THE EYE OF THE HUNTER by Dennis L. McKiernan


Email this review


McKiernan's latest is set in the same fantasy-world as his previous Iron Tower and Silver Call series, with some of the characters in common. As the comet of the title hangs over the Boskydells of Mithgar, the immortal Elves Riatha and Aravan set off in search of a magic silver sword lost a thousand years ago to a mysterious, evil, yellow-eyed Man; they are joined by two Warrows, Gwylly and Faeril, looking to fulfil a thousand-year-old prophecy. Together, they dig from a glacier the shapeshifting Man/Bear, Baeran, imprisoned in the ice for a millennium along with their mutual enemy--the unspeakable shapeshifter, torturer, necromancer and all-round bad hat Baron Stoke, who escapes from the glacier just before our heroes arrive.
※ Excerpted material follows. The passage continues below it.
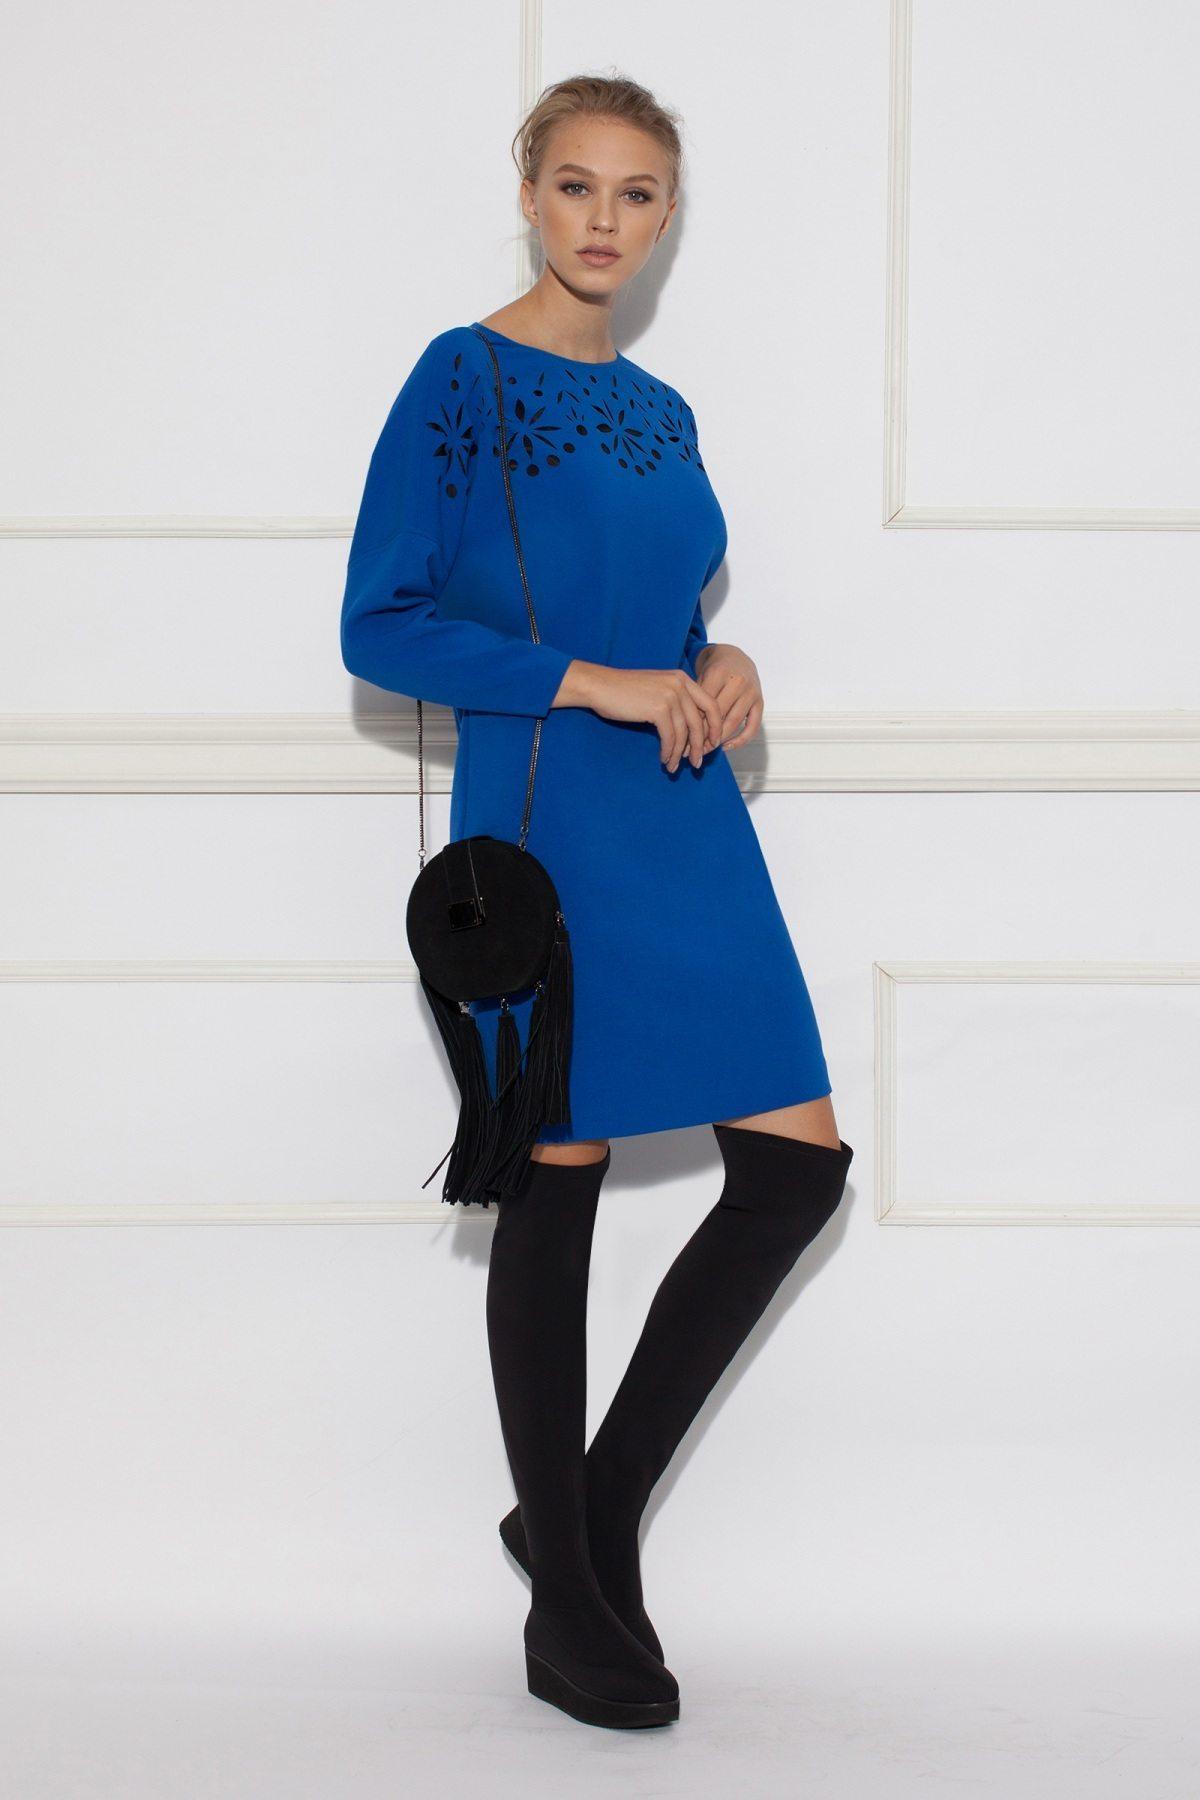 Rochie midi albastra cu decupaje Albastru
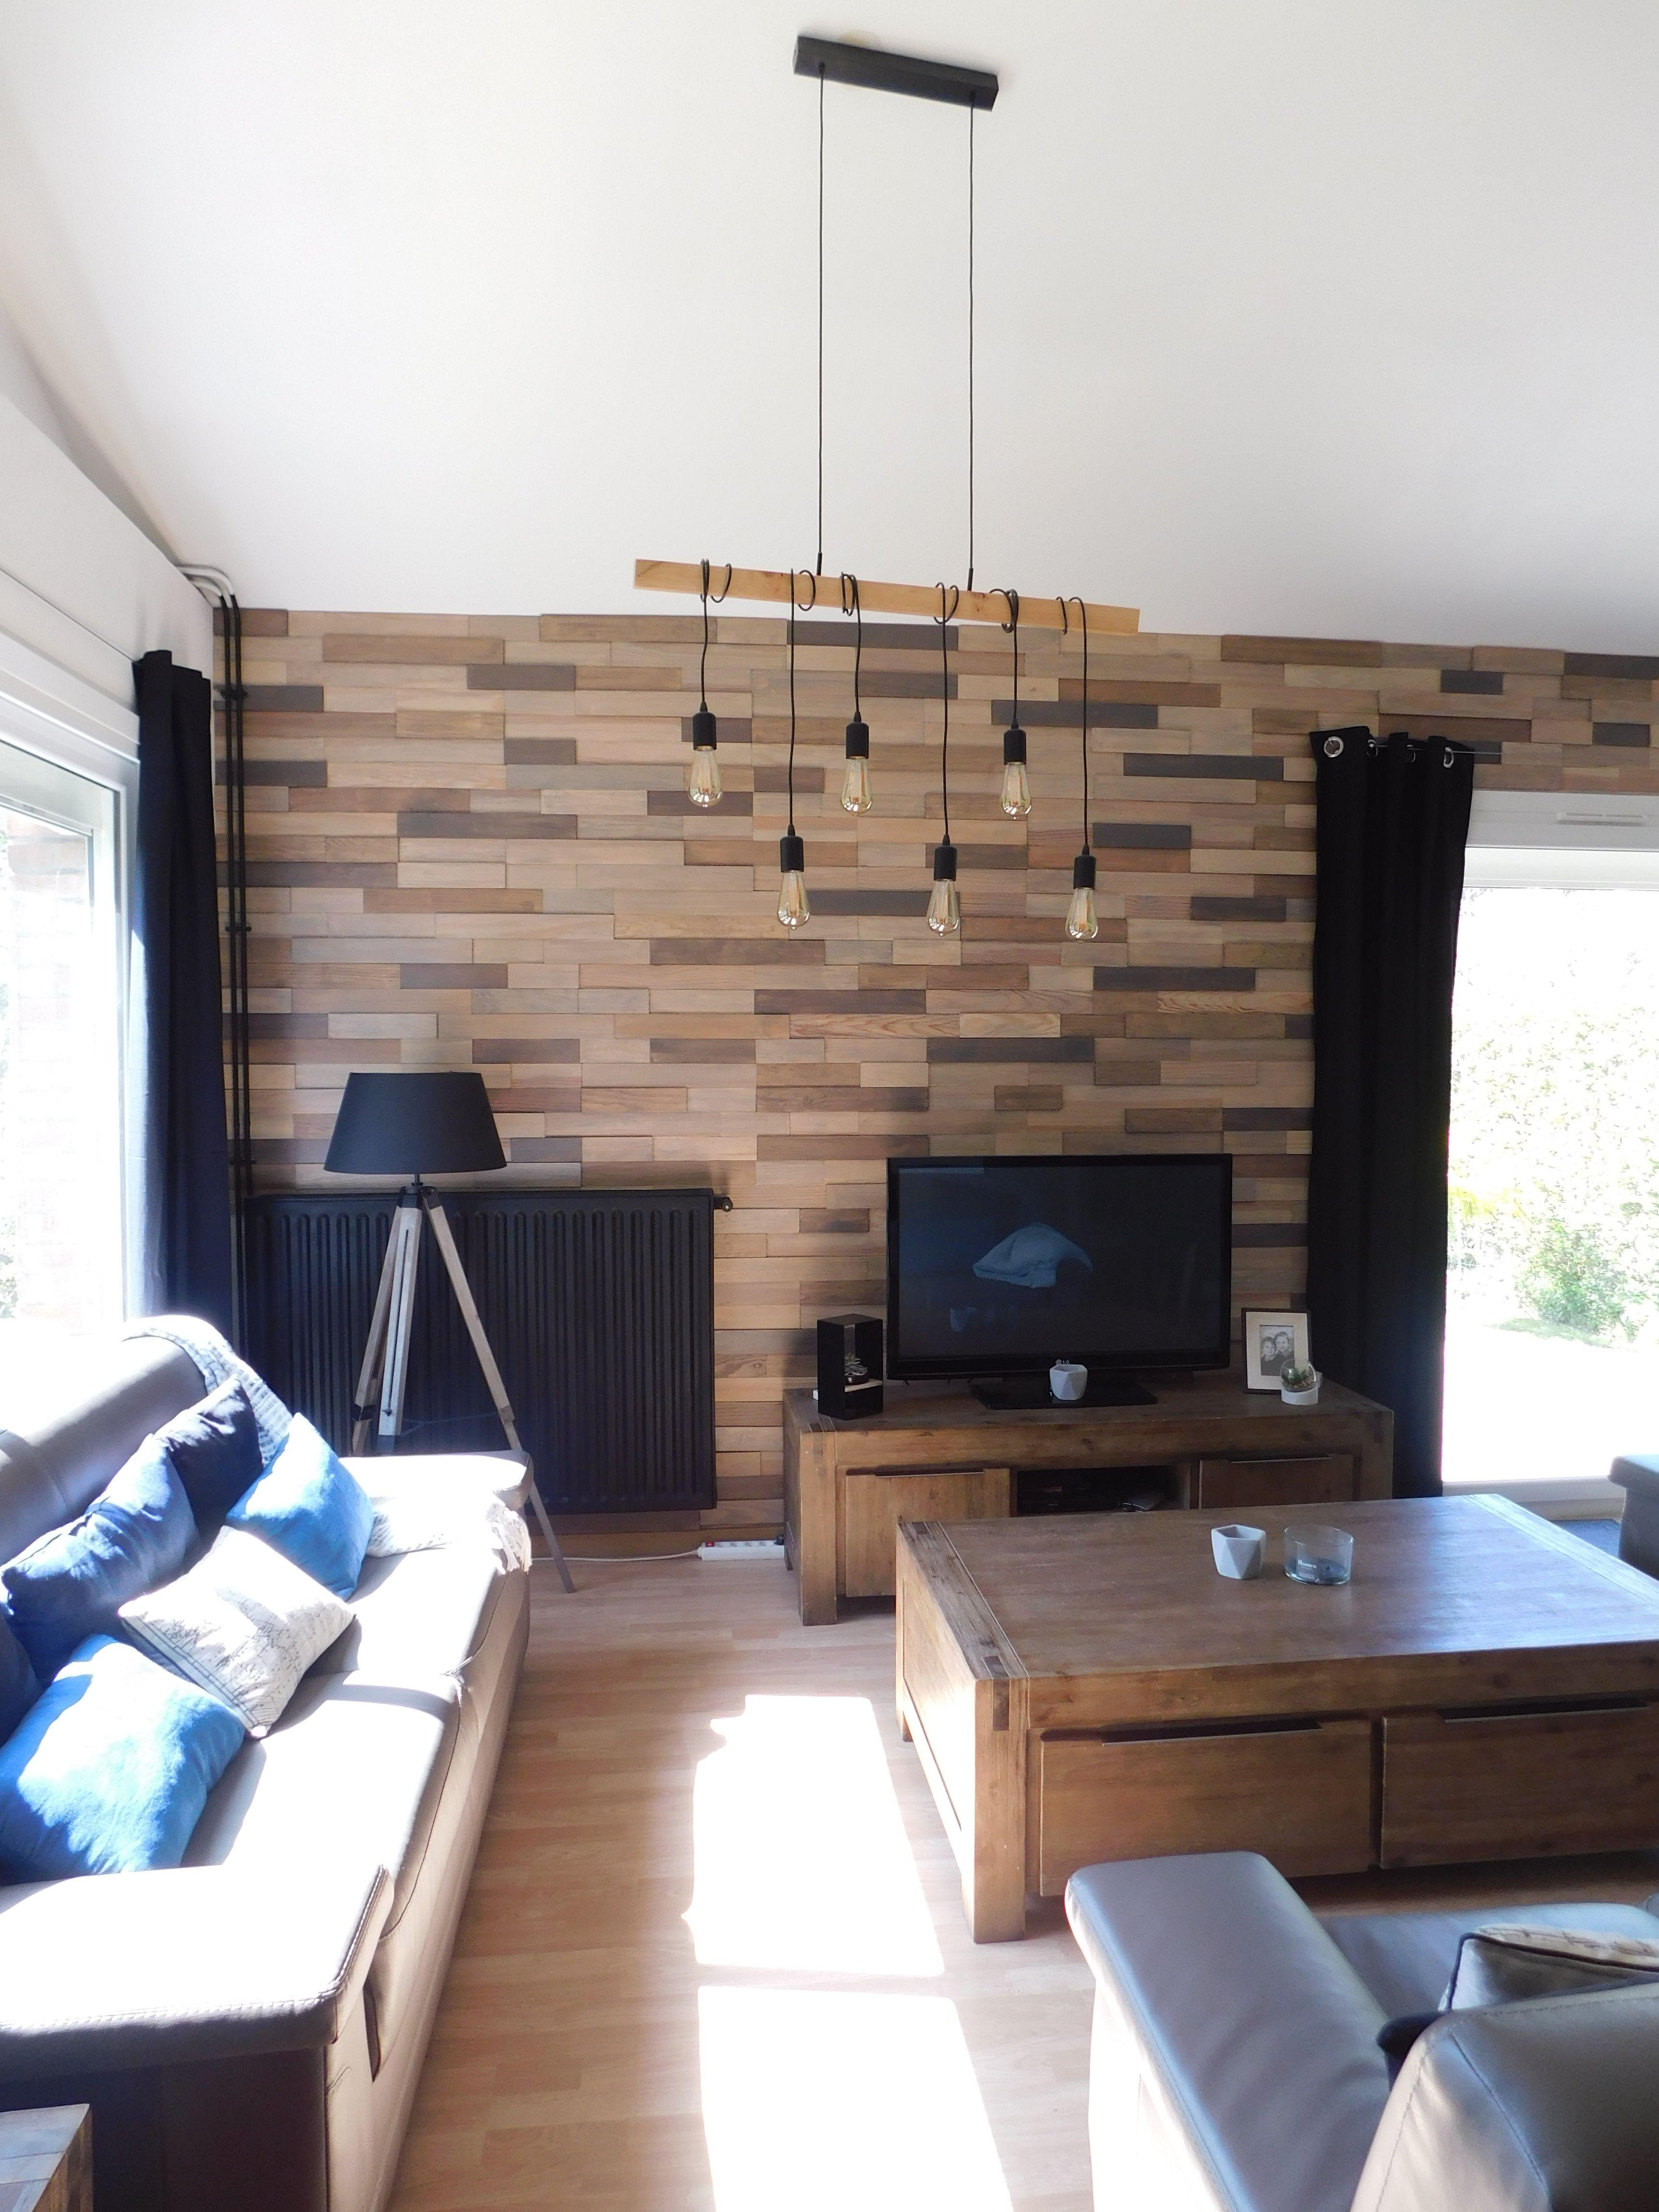 Mur En Parement Salon salon industriel, chaleureux, lumineux, revêtement mur béton

From polar ice to broiling desert, the heroes search for clues to Stoke's whereabouts, beset all the while by the Baron's foul and treacherous minions--though not, surprisingly enough, with the fate of the world hanging in the balance. The expected showdown ensues. As a Tolkien-imitator and borrower of other people's best bits, McKiernan stands second to none. If he himself has ever had an original idea, it isn't apparent here. Neither has he contrived to master his craft, and the upshot is misshapen plotting in a narrative comprising irregular chunks of, variously, homespun preaching, saccharine sentiment, splatterpunk gore, and wearisomely lavish padding. Given these ingredients, bestsellerdom is in the cards.